DATA EXTRACTS
# # # # # # #

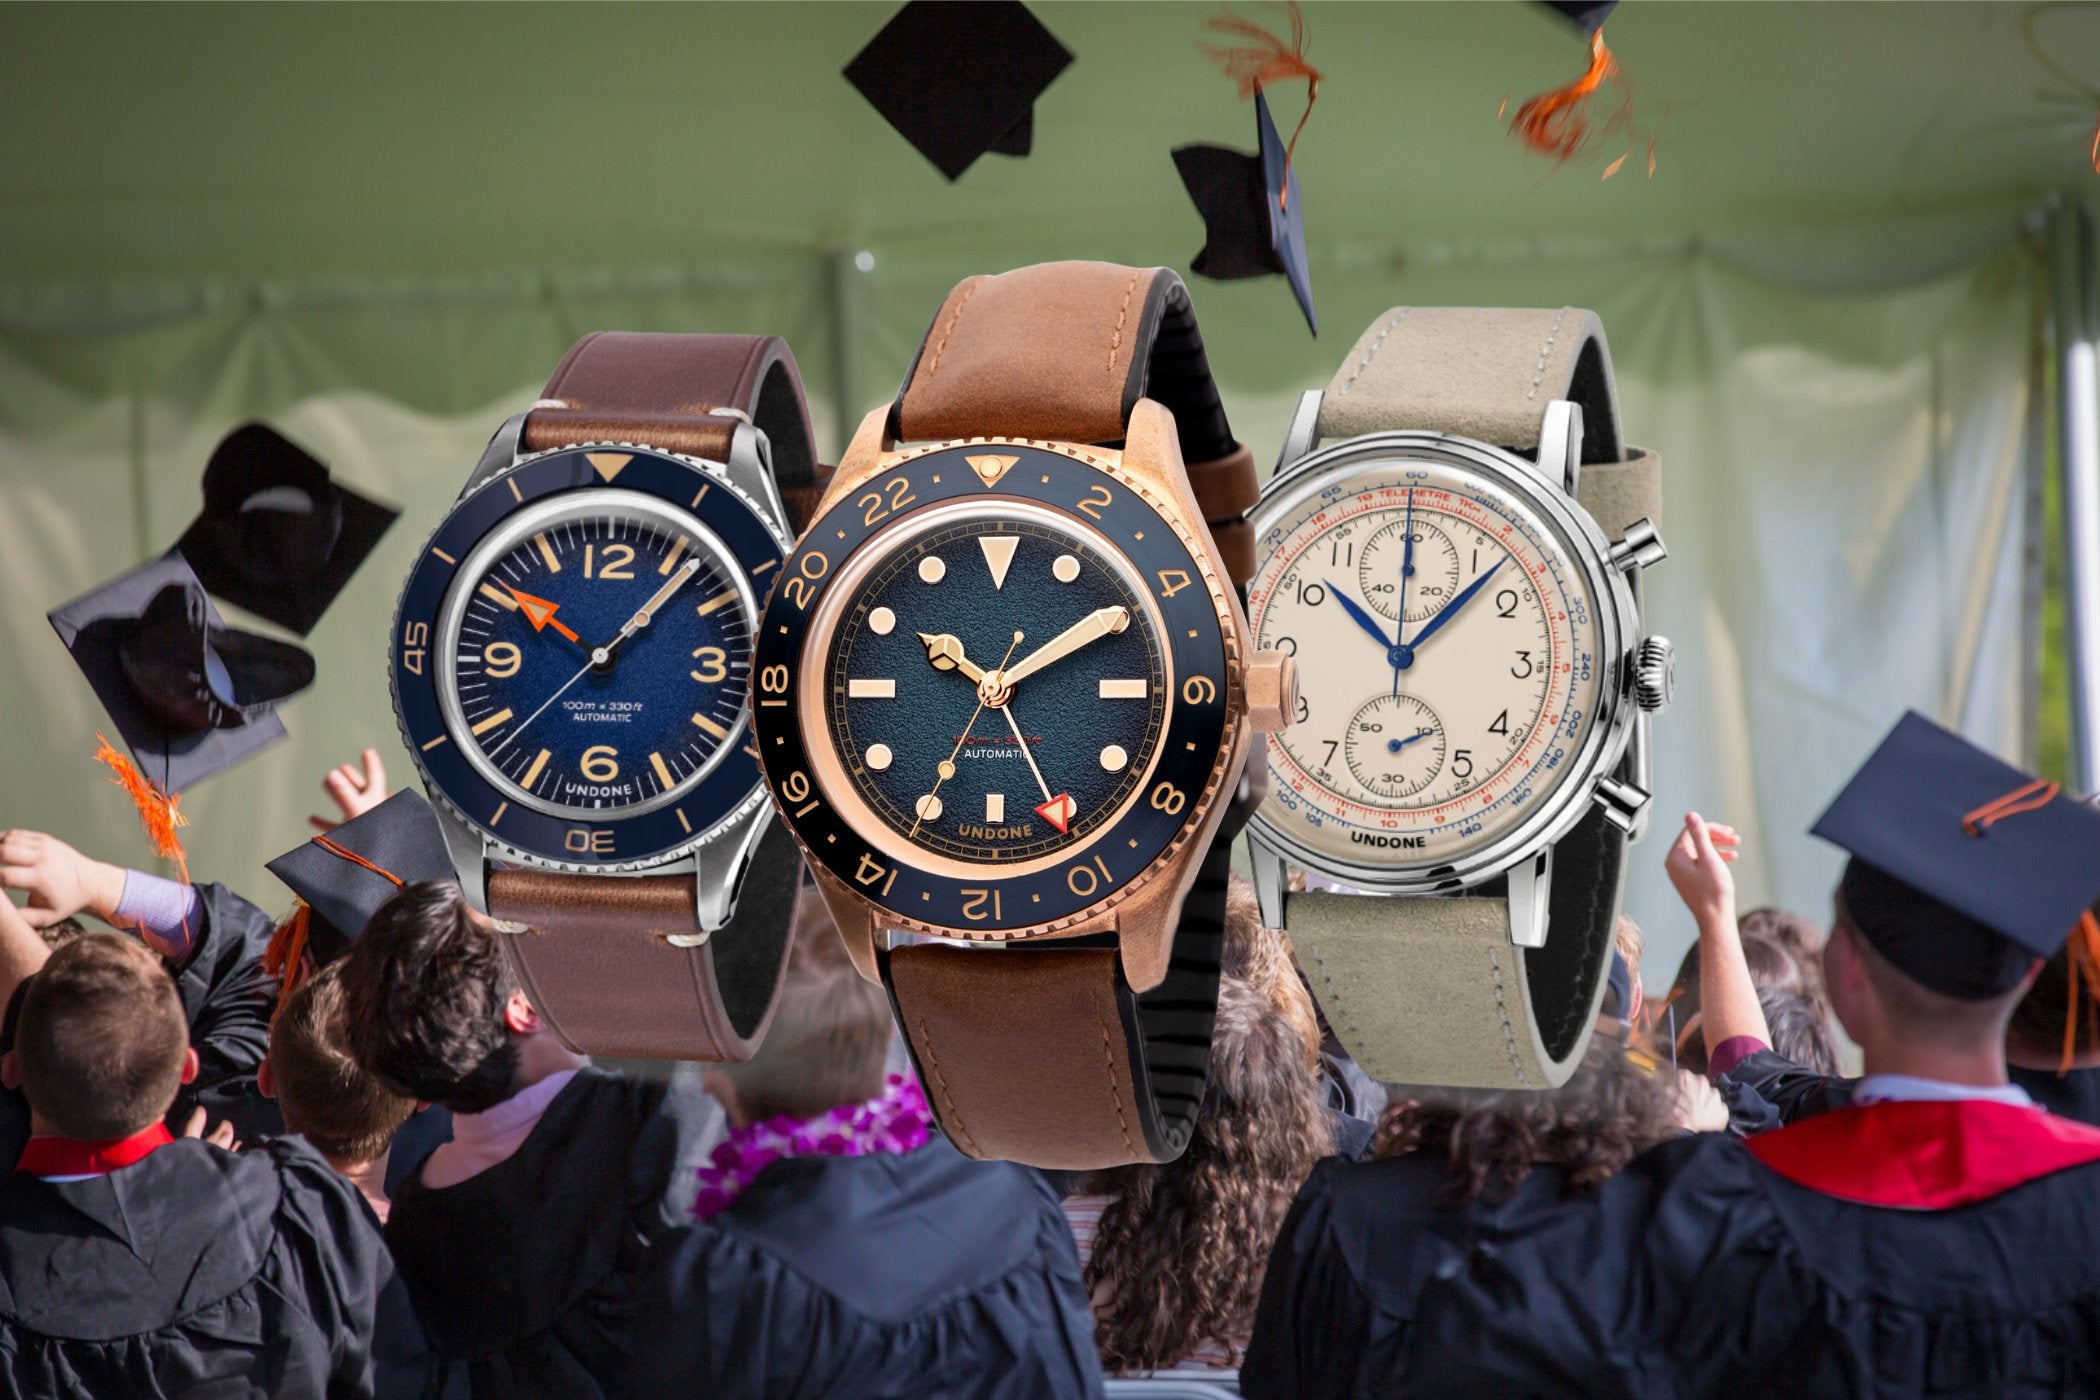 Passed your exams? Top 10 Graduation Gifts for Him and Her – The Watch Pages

# # # # # # #

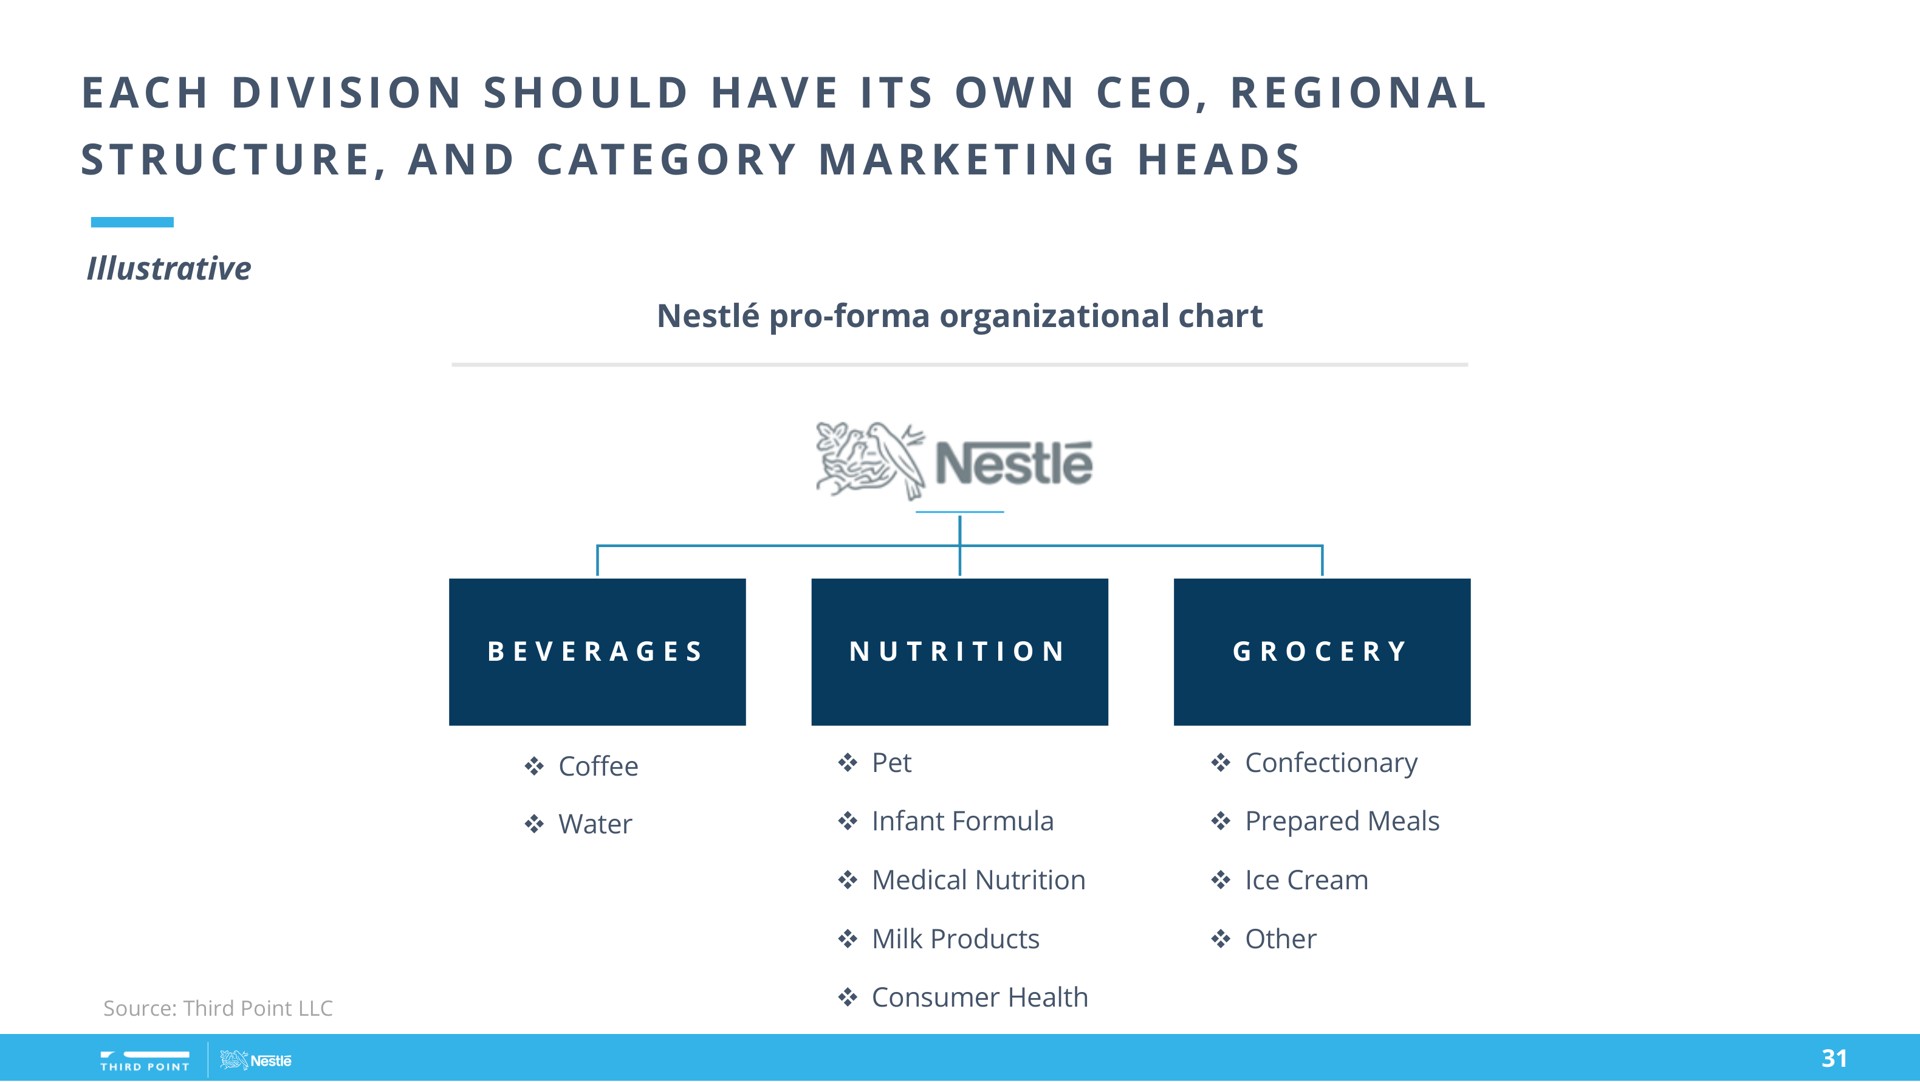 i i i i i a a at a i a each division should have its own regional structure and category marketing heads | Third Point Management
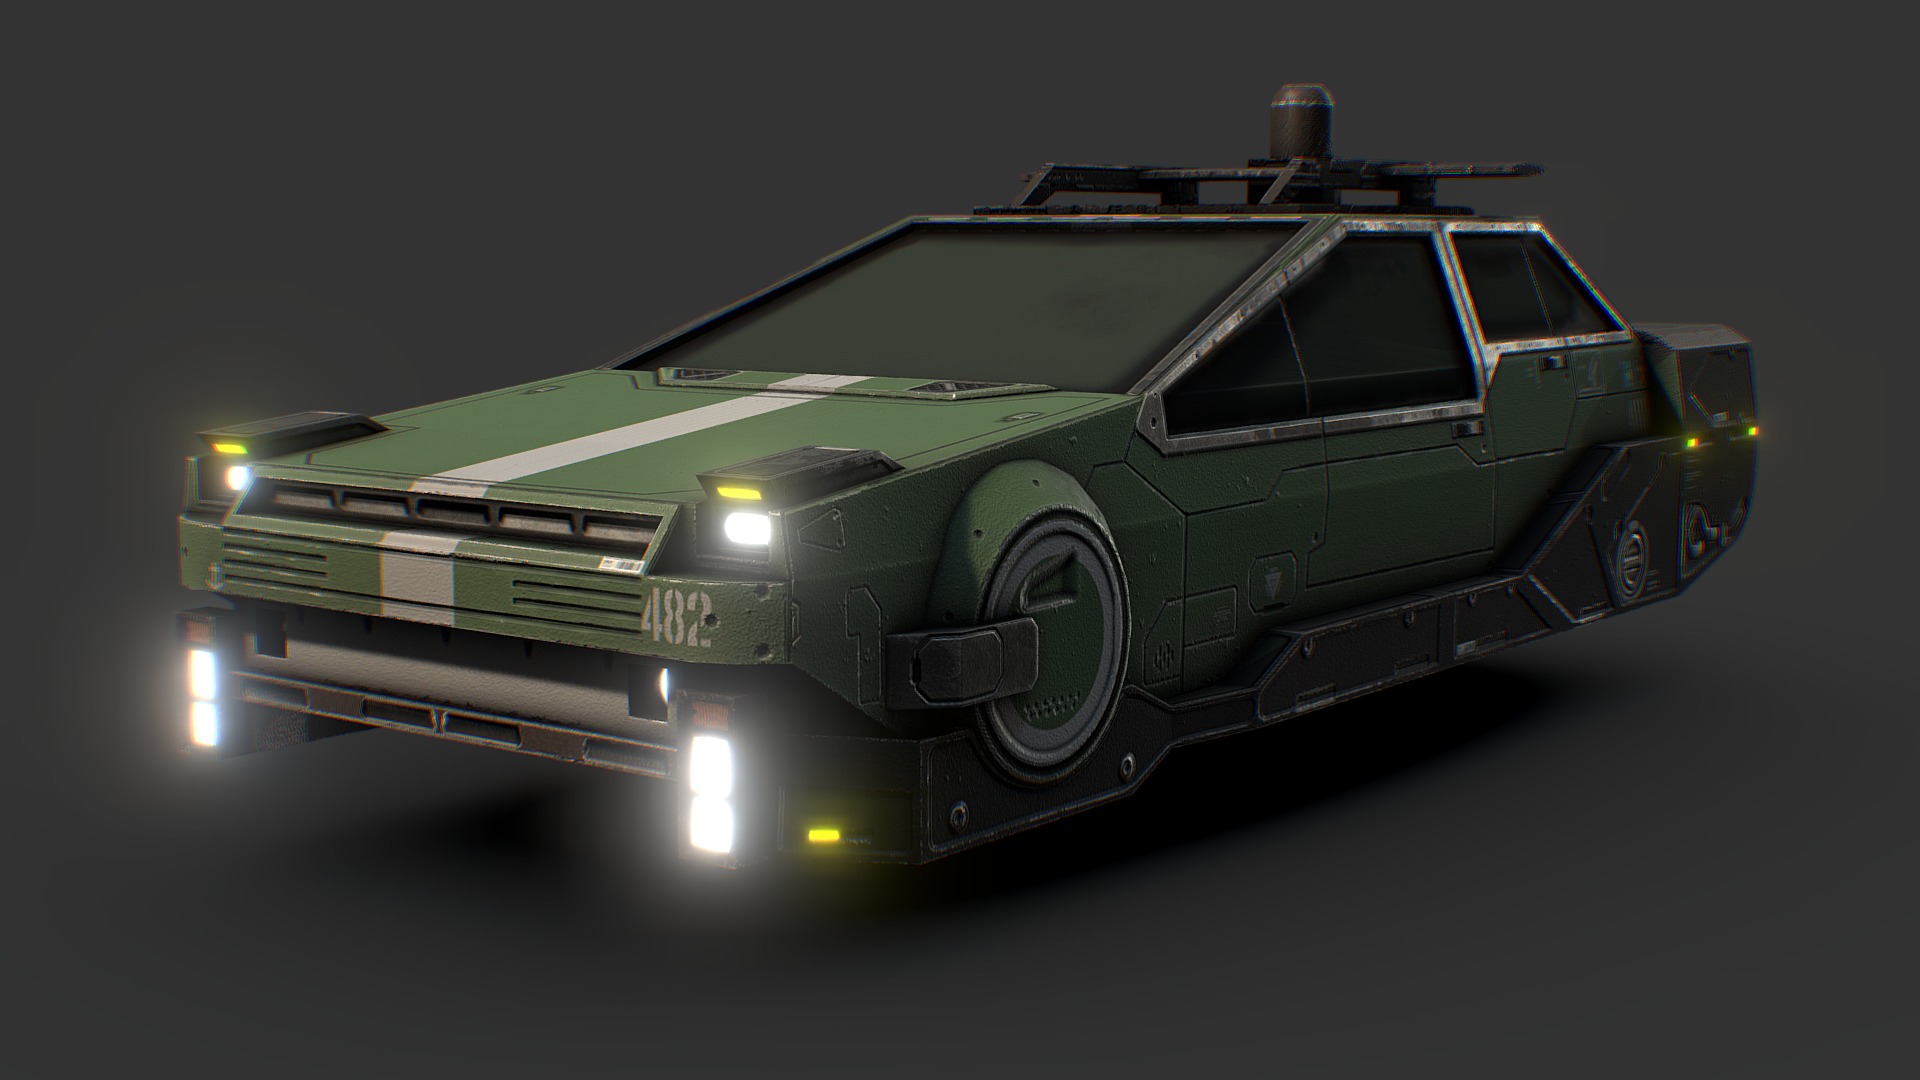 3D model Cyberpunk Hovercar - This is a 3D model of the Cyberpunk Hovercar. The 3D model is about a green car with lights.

# # # # # # #

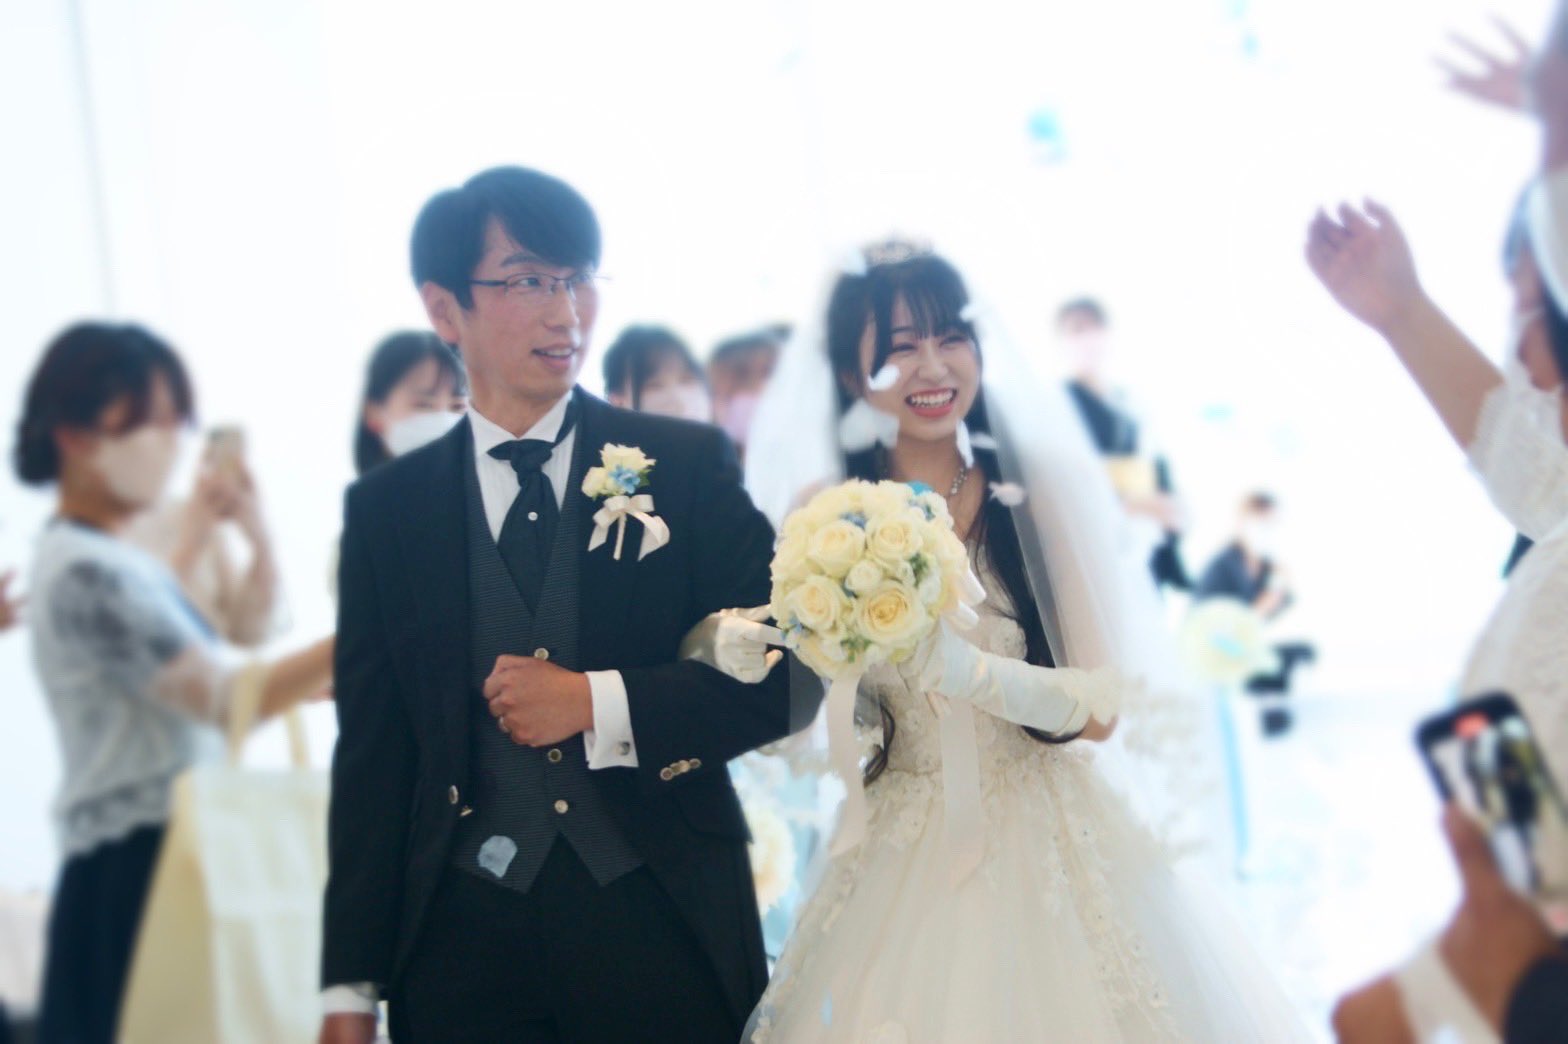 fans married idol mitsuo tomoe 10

# # # # # # #

EXERCISE PROMPT
In the listing above, find the line with "i i i i i a" and the line with "3D model Cyberpunk". Set down exactly those lines and everything between them, skipping pictures.

FINISHED EXERCISE
 i i i i i a a at a i a each division should have its own regional structure and category marketing heads | Third Point Management
 3D model Cyberpunk Hovercar - This is a 3D model of the Cyberpunk Hovercar. The 3D model is about a green car with lights.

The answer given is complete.